The Indiana Law Blog has flagged an opinion column on how public pensions are in trouble. It notes that Indiana is one of the places where public pensions are in trouble.
I haven’t seen numbers lately, but Indiana’s pension trouble is not a new problem. This train has been rolling for a long time. I remember about 12 years ago, when Indiana was running a surplus, some of the folks I worked with thought it was high time to devote a lot of that surplus to stabilizing the underfunded public pensions. (They were not exactly unbiased on the subject because they were folks who were devoting their careers to working for the State, in part, because of the promised pension.)
Buzzcut says
This is one of the areas that I’m trying to educate myself about a little more. While it is true that public employee pensions are a disaster nationwide, I don’t think it is true that Indiana is all that bad off.
It looks like there are two classes of employees, those employed before 1995 and those employed after.
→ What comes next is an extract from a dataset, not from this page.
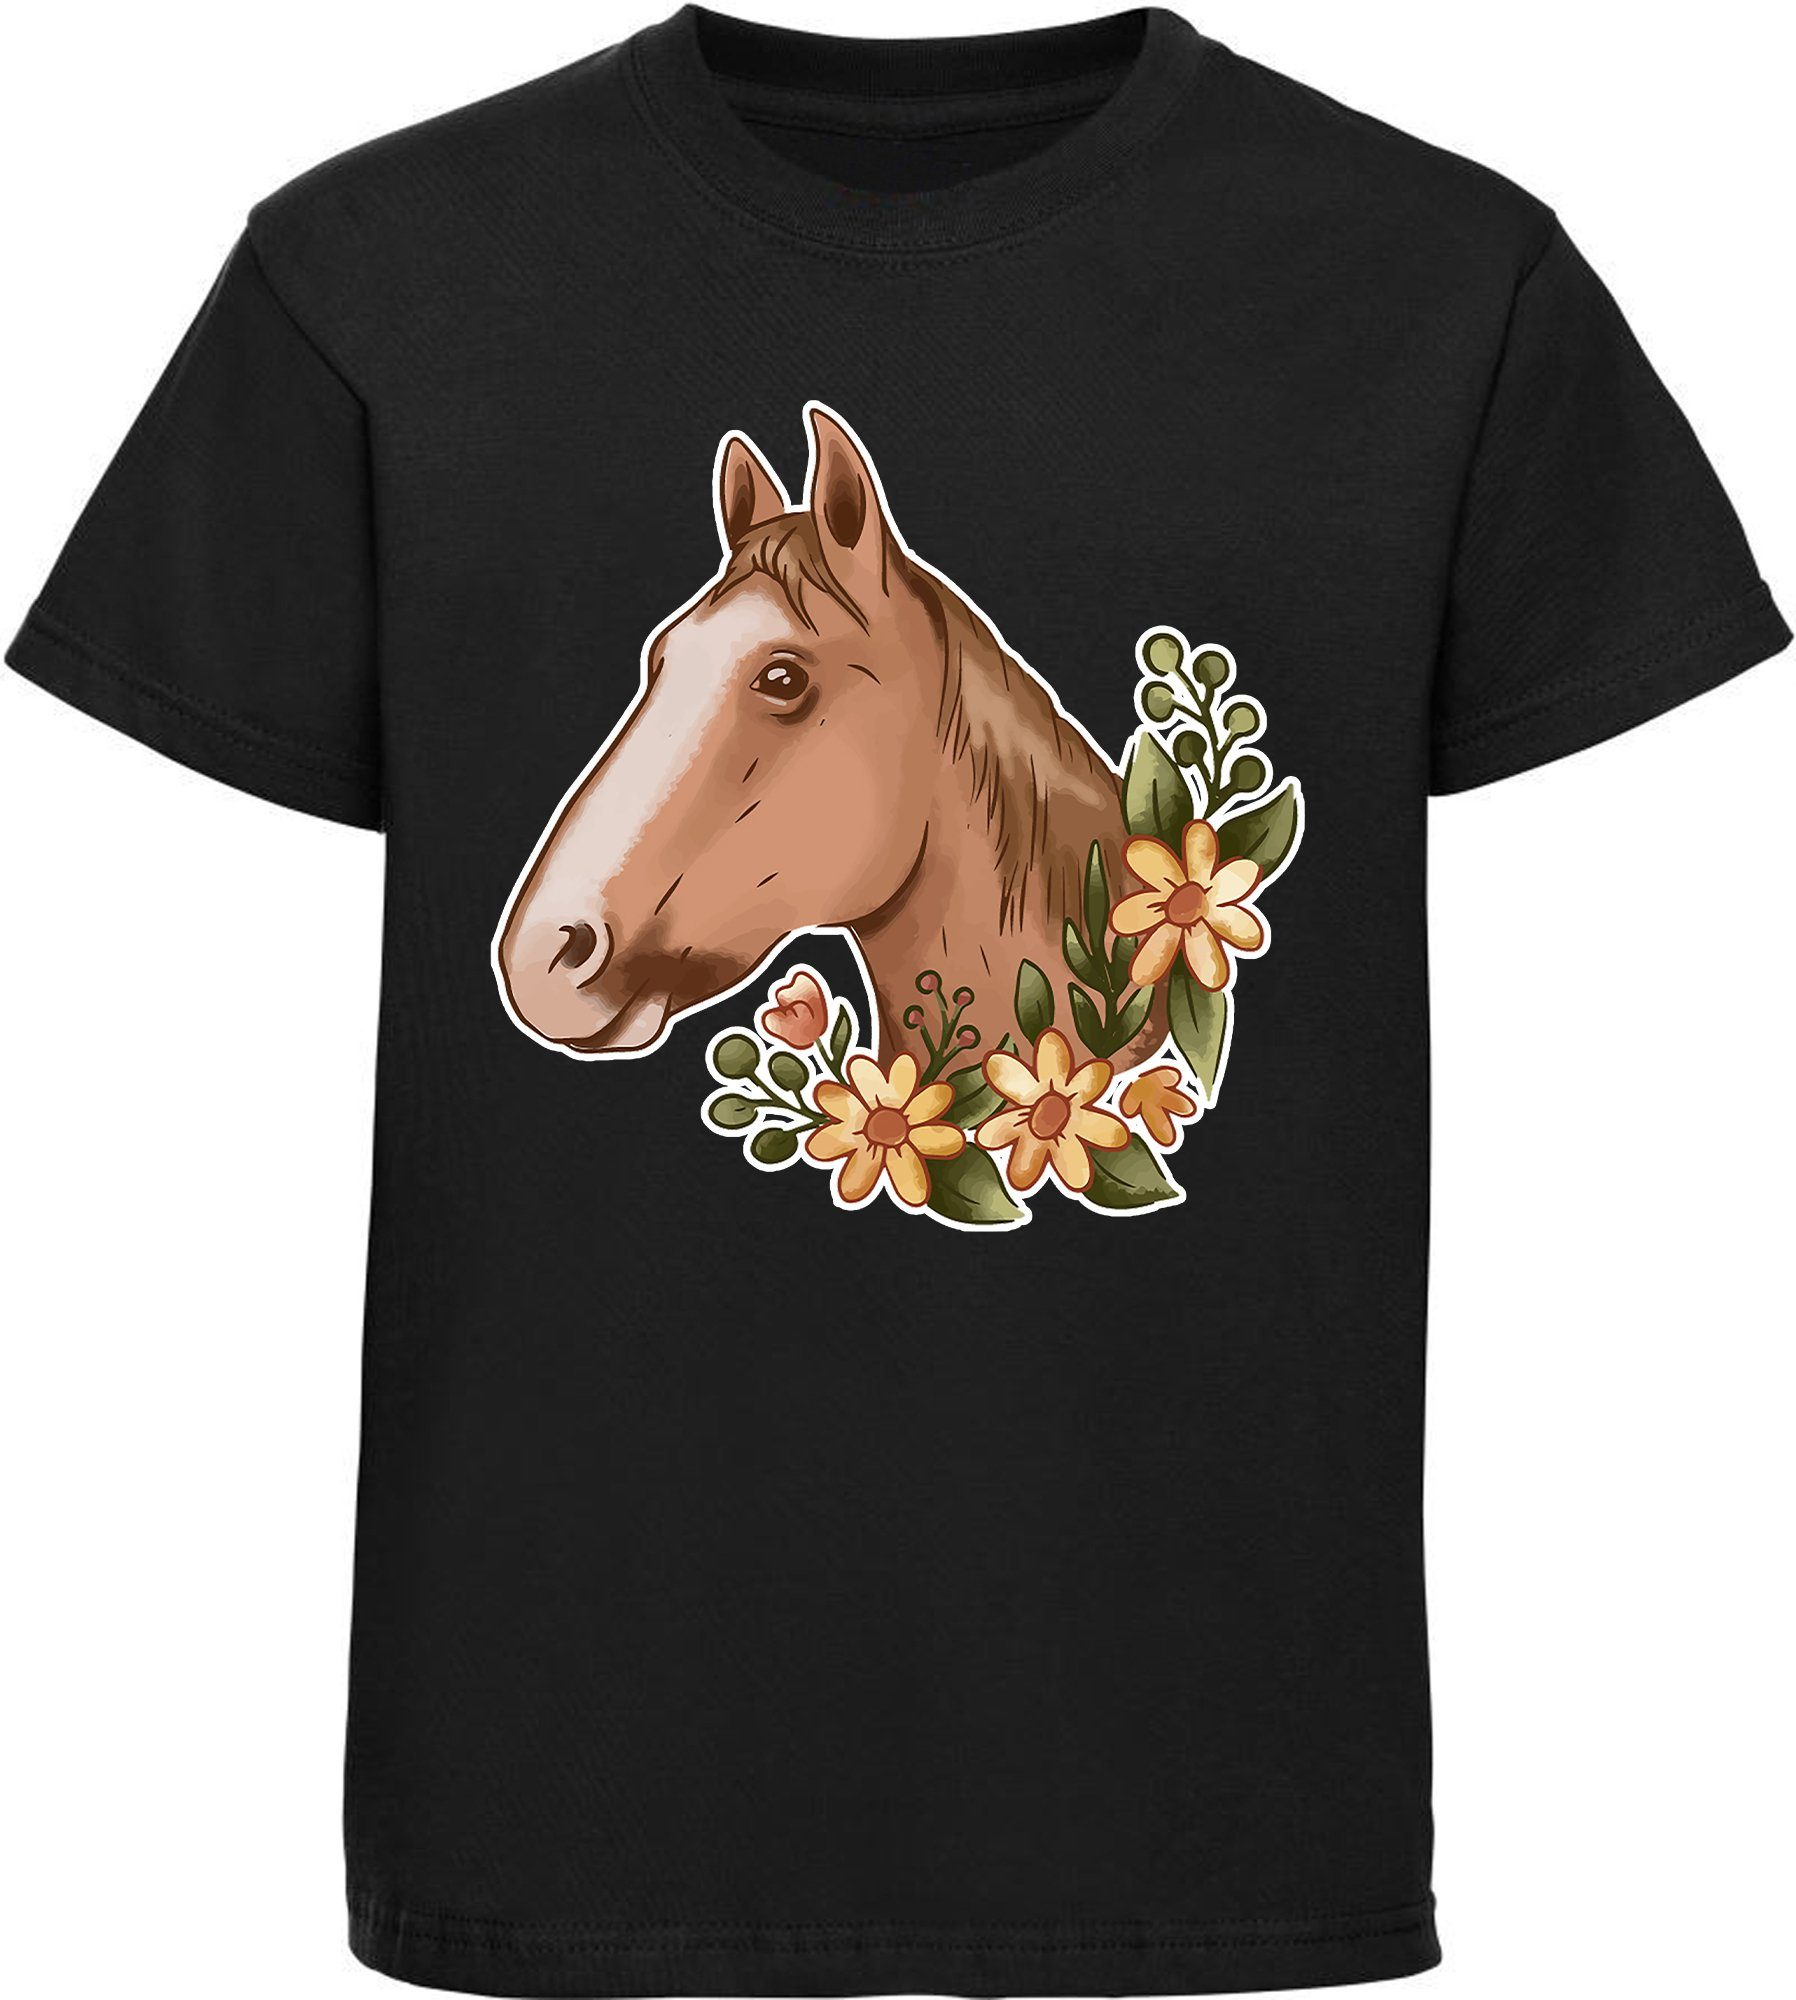 MyDesign24 Print-Shirt bedrucktes Kinder Mädchen T-Shirt - Hellbrauner Pferdekopf und Blumen Baumwollshirt mit Aufdruck, i181 schwarz

Those from before ’95 are in one system that is pay as you go. This is why Indiana gets a bad rating, because the legislature needs to fund these pensions every year.
Those after ’95 are in a fully funded pension system. The state pays 7% of the employees wages into the system every year, which is pretty good from the employees persepctive.
I’m still getting information as to retirement ages, how much they get in retirement, etc. etc. etc. I think that is a bigger issue than if the pensions are funded or not. But at first blush, it doesn’t seem like their getting absolutely outrageous pensions, like they do across the border in Illinois (and why Illinois is $13 billion in the hole this year).
Mike Kole says
7% of your income into the system is pretty good? Sure, if you work in govt long enough to become vested in the system, and if the system delivers for you on the back end. Otherwise, it’s just a 7% tax, which for the average govt worker is money better in your family budget.
I worked for just short of 4 years in county government. Every nickel I put in is a nickel I’ll never see again.